Abstract

Due to the constantly increasing demand for automatic tracking and recognition systems, there is a need for more proficient, intelligent and sustainable human activity tracking. The main purpose of this study is to develop an accurate and sustainable human action tracking system that is capable of error-free identification of human movements irrespective of the environment in which those actions are performed. Therefore, in this paper we propose a stereoscopic Human Action Recognition (HAR) system based on the fusion of RGB (red, green, blue) and depth sensors. These sensors give an extra depth of information which enables the three-dimensional (3D) tracking of each and every movement performed by humans. Human actions are tracked according to four features, namely, (1) geodesic distance; (2) 3D Cartesian-plane features; (3) joints Motion Capture (MOCAP) features and (4) way-points trajectory generation. In order to represent these features in an optimized form, Particle Swarm Optimization (PSO) is applied. After optimization, a neuro-fuzzy classifier is used for classification and recognition.

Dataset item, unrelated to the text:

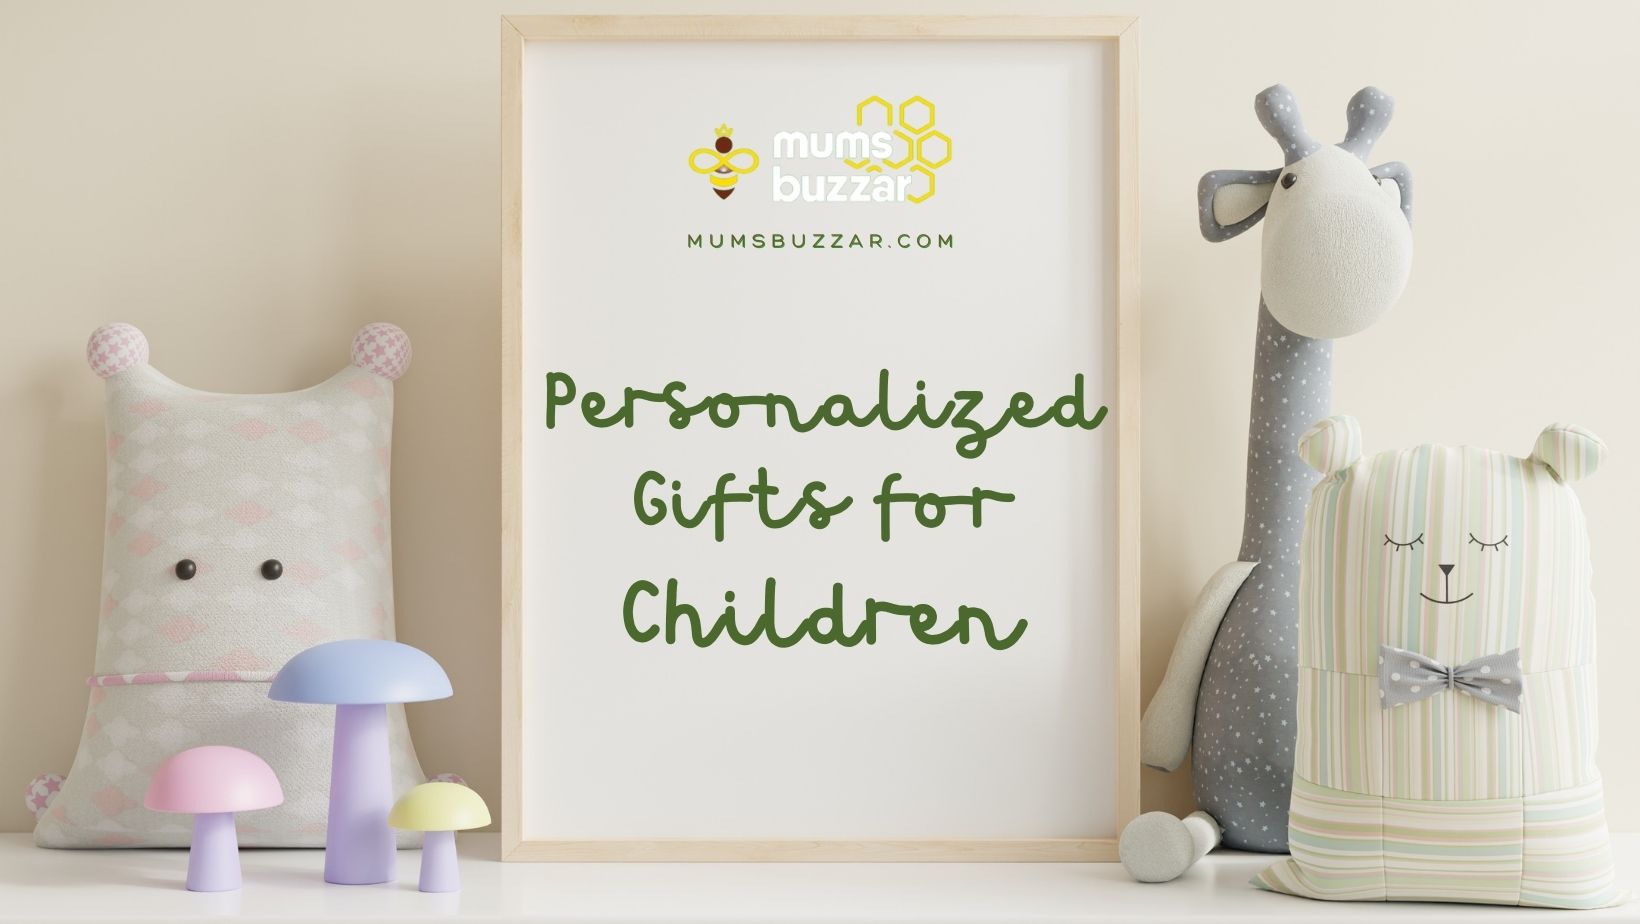 Personalized Gifts for Children
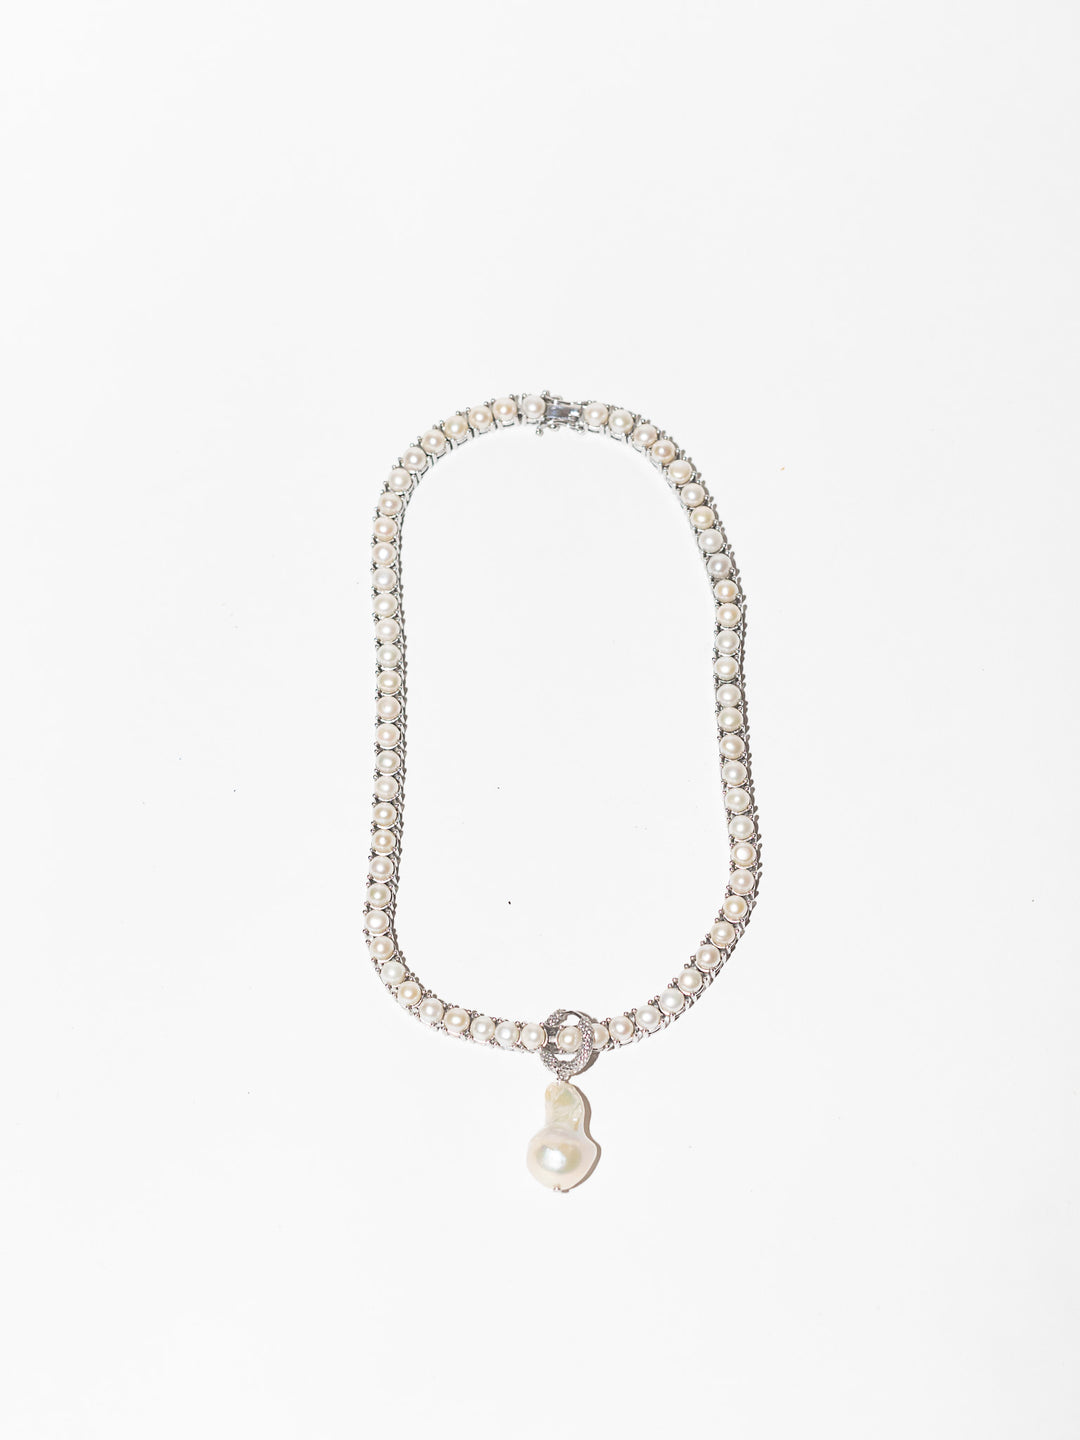 PEARL AND SILVER TENNIS NECKLACE

Extensive experimentation is performed on three challenging datasets: A Nanyang Technological University (NTU) RGB+D dataset; a UoL (University of Lincoln) 3D social activity dataset and a Collective Activity Dataset (CAD). Evaluation experiments on the proposed system proved that a fusion of vision sensors along with our unique features is an efficient approach towards developing a robust HAR system, having achieved a mean accuracy of 93.5% with the NTU RGB+D dataset, 92.2% with the UoL dataset and 89.6% with the Collective Activity dataset. The developed system can play a significant role in many computer vision-based applications, such as intelligent homes, offices and hospitals, and surveillance systems.

Highlights

  • Vision-based Human–Computer Interaction (HCI) is a broad field covering many areas of computer vision, such as human action tracking, face recognition, gesture recognition, human–robot interaction and many more [1]

  • Human Action Recognition (HAR) can be precisely defined as tracking the motion of each and every observable body part involved in performing human actions and identifying the activities performed by humans [2]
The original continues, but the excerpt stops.